══ INPUT DATA ══

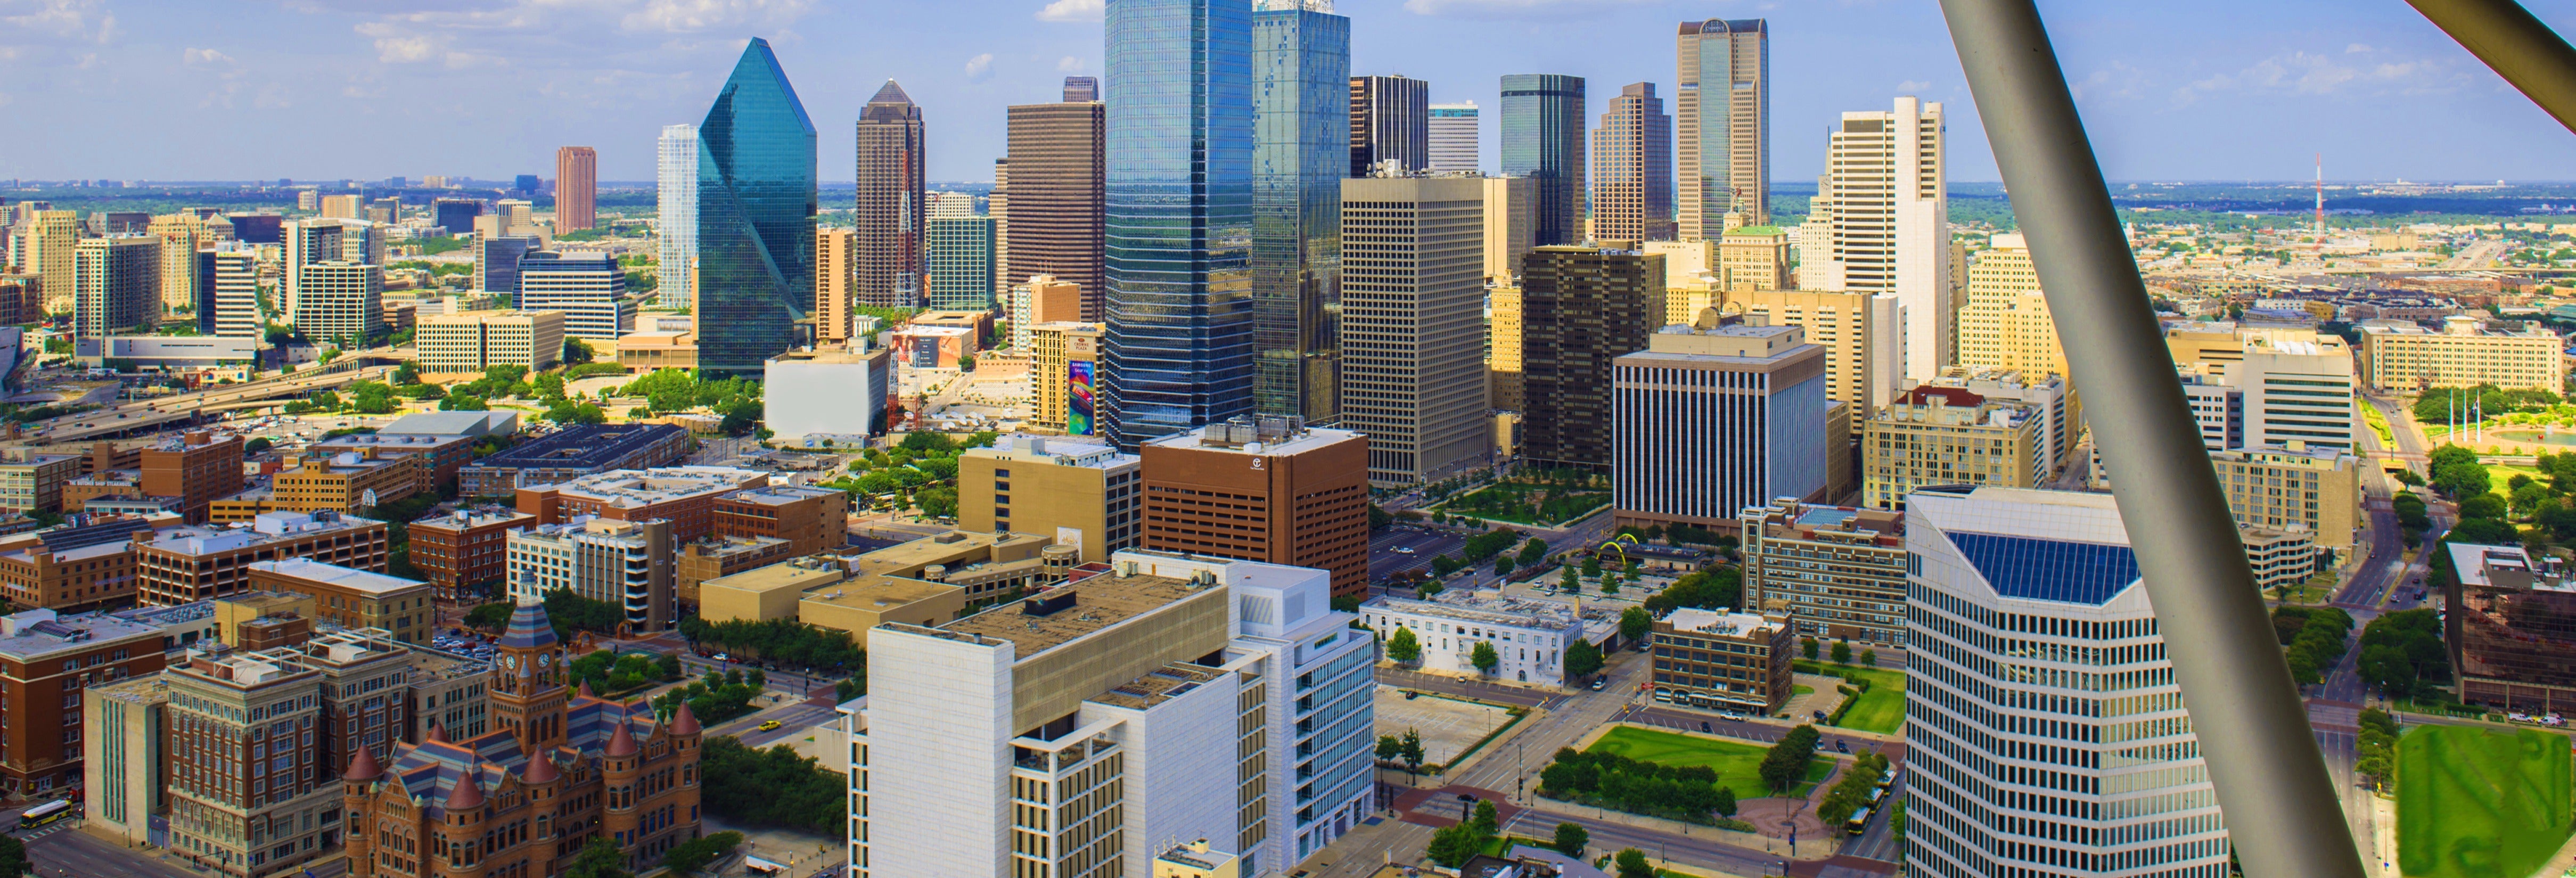 Dallas CityPASS®
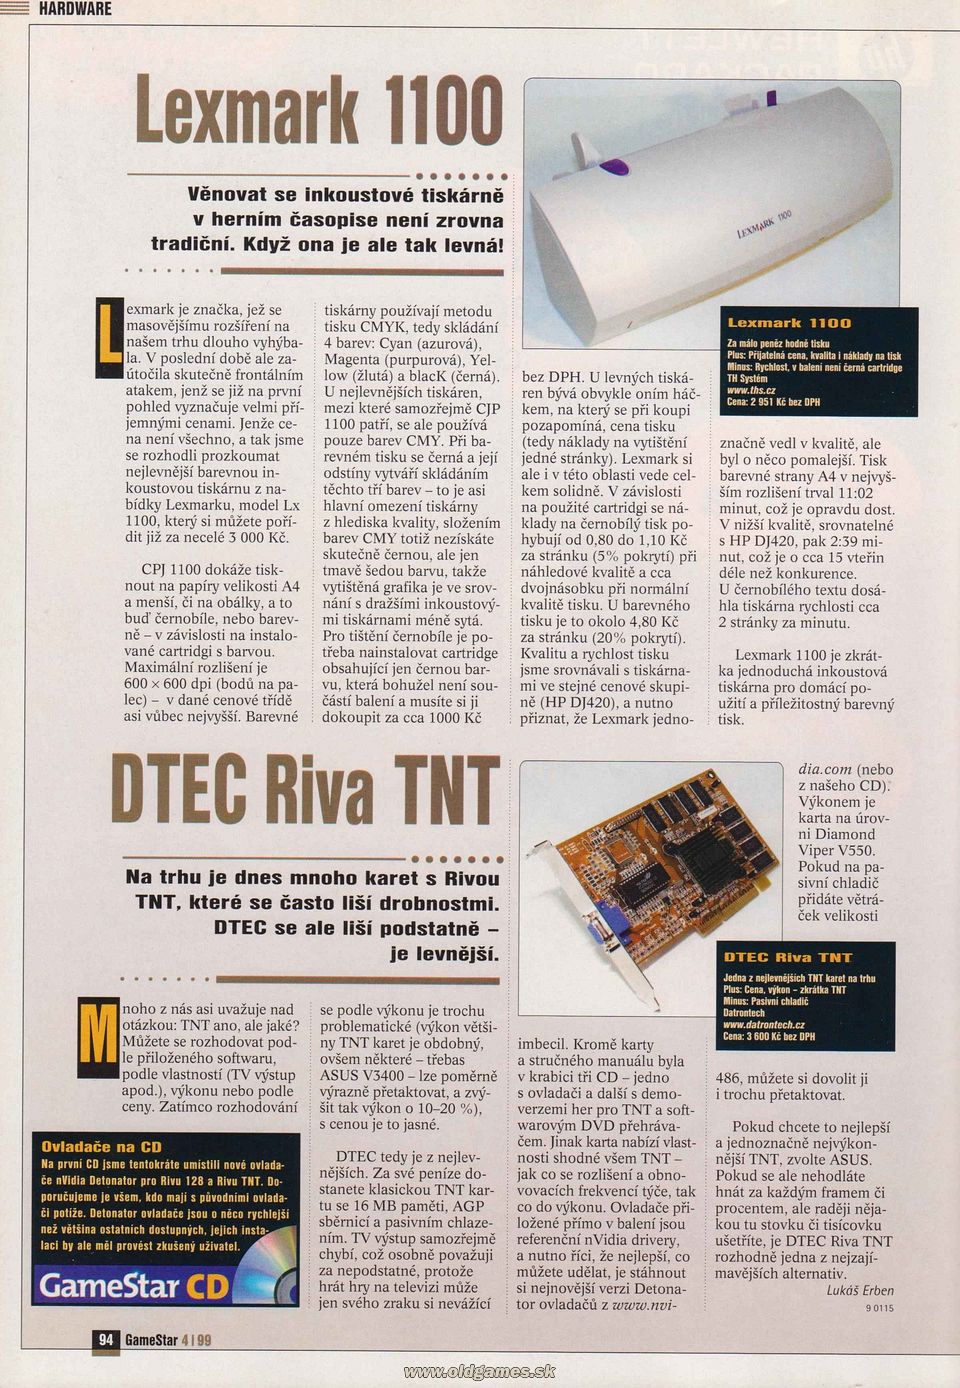 Hardware - Lexmark 1100, DTEC Riva TNT
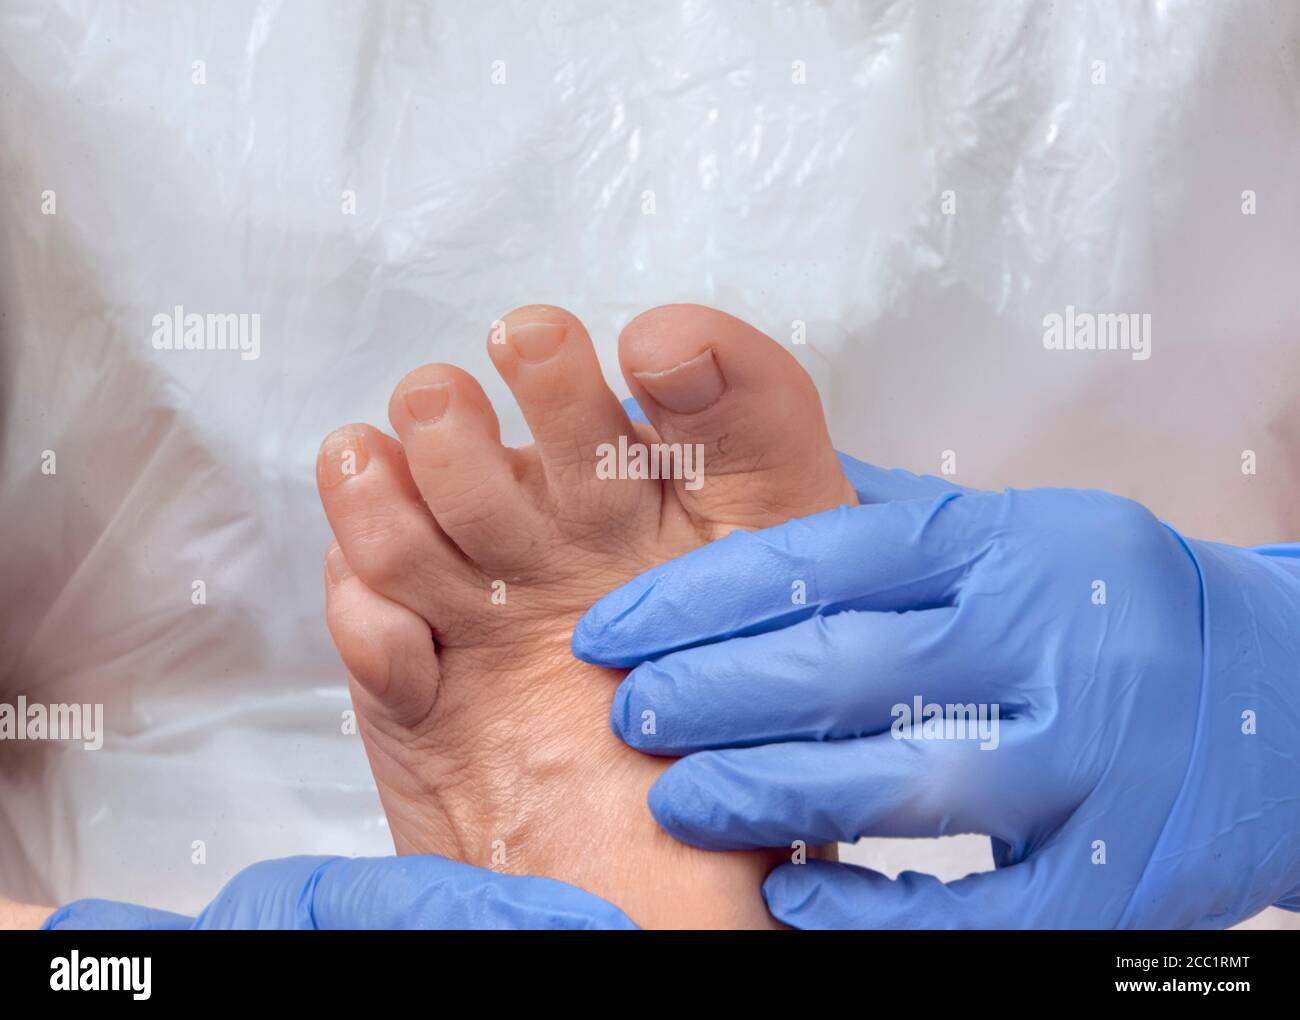 Chiropodist/podiatrist examines a woman's foot Stock Photo
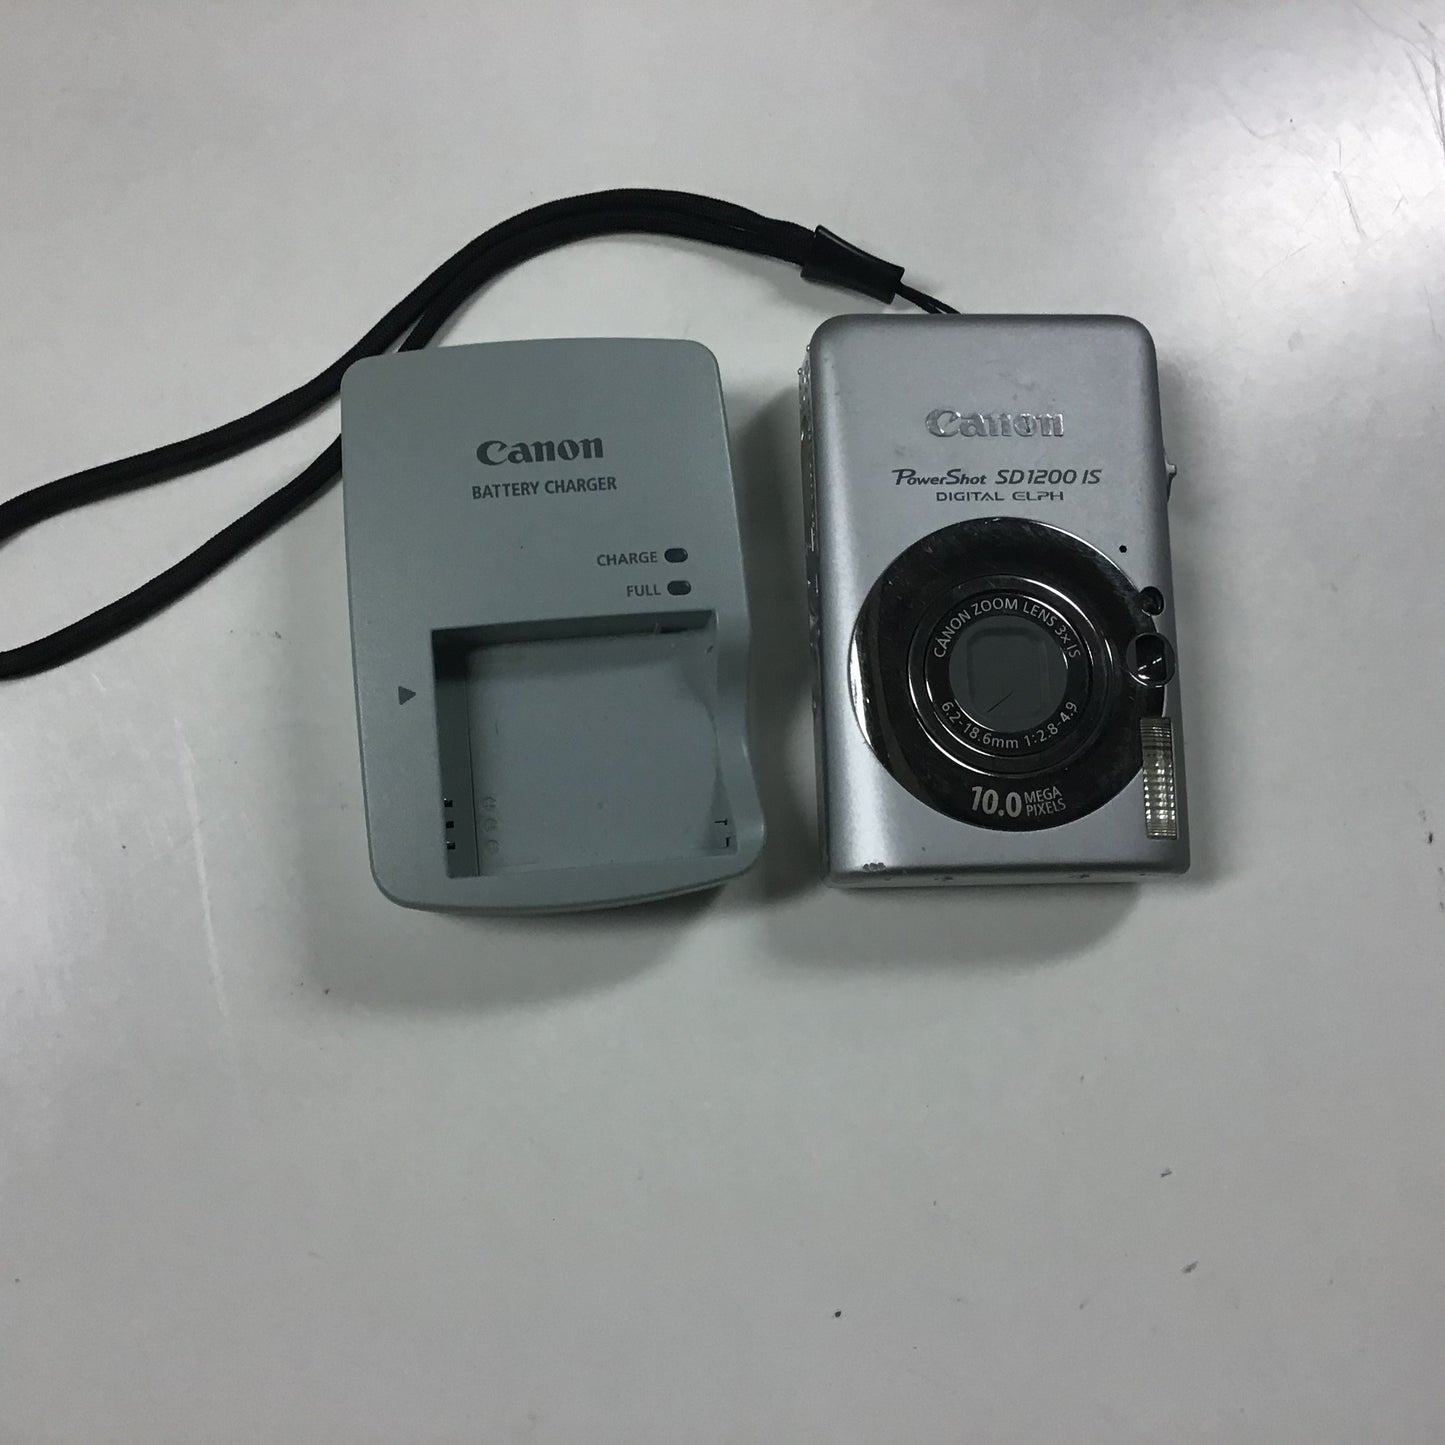 Canon PowerShot SD1200 IS
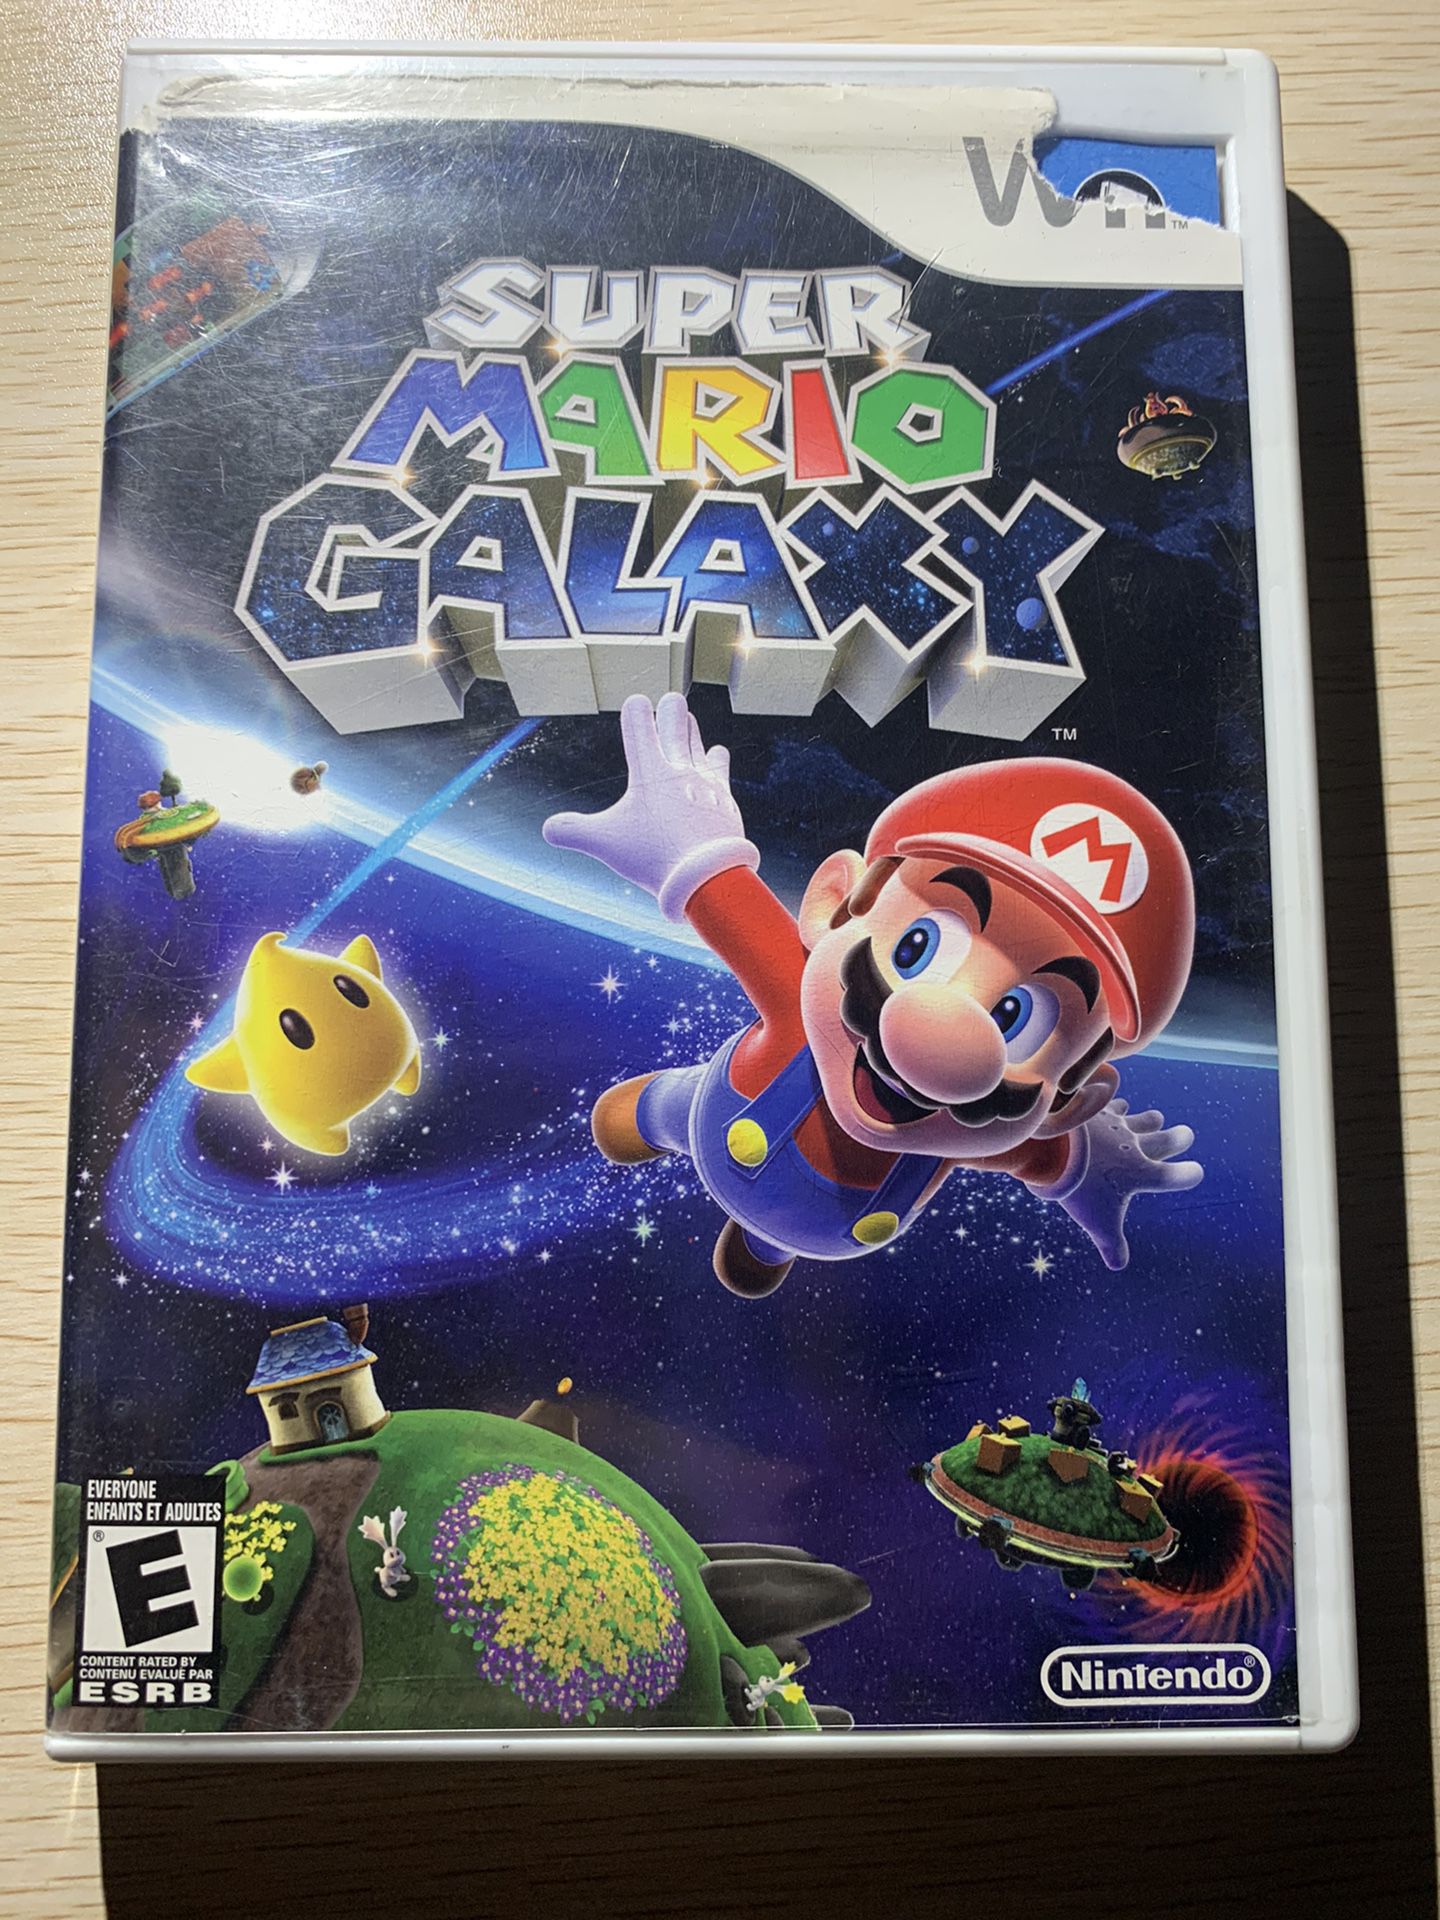 Nintendo Wii Super Mario Galaxy Complete Works Great.

═══

§ **WHAT YOU WILL DO**
Quote the preceding records in their entirety, excluding every picture.

§ **WRITTEN ANSWER**
 Dallas CityPASS®
 Hardware - Lexmark 1100, DTEC Riva TNT
 Chiropodist/podiatrist examines a woman's foot Stock Photo
 Canon PowerShot SD1200 IS
 Nintendo Wii Super Mario Galaxy Complete Works Great.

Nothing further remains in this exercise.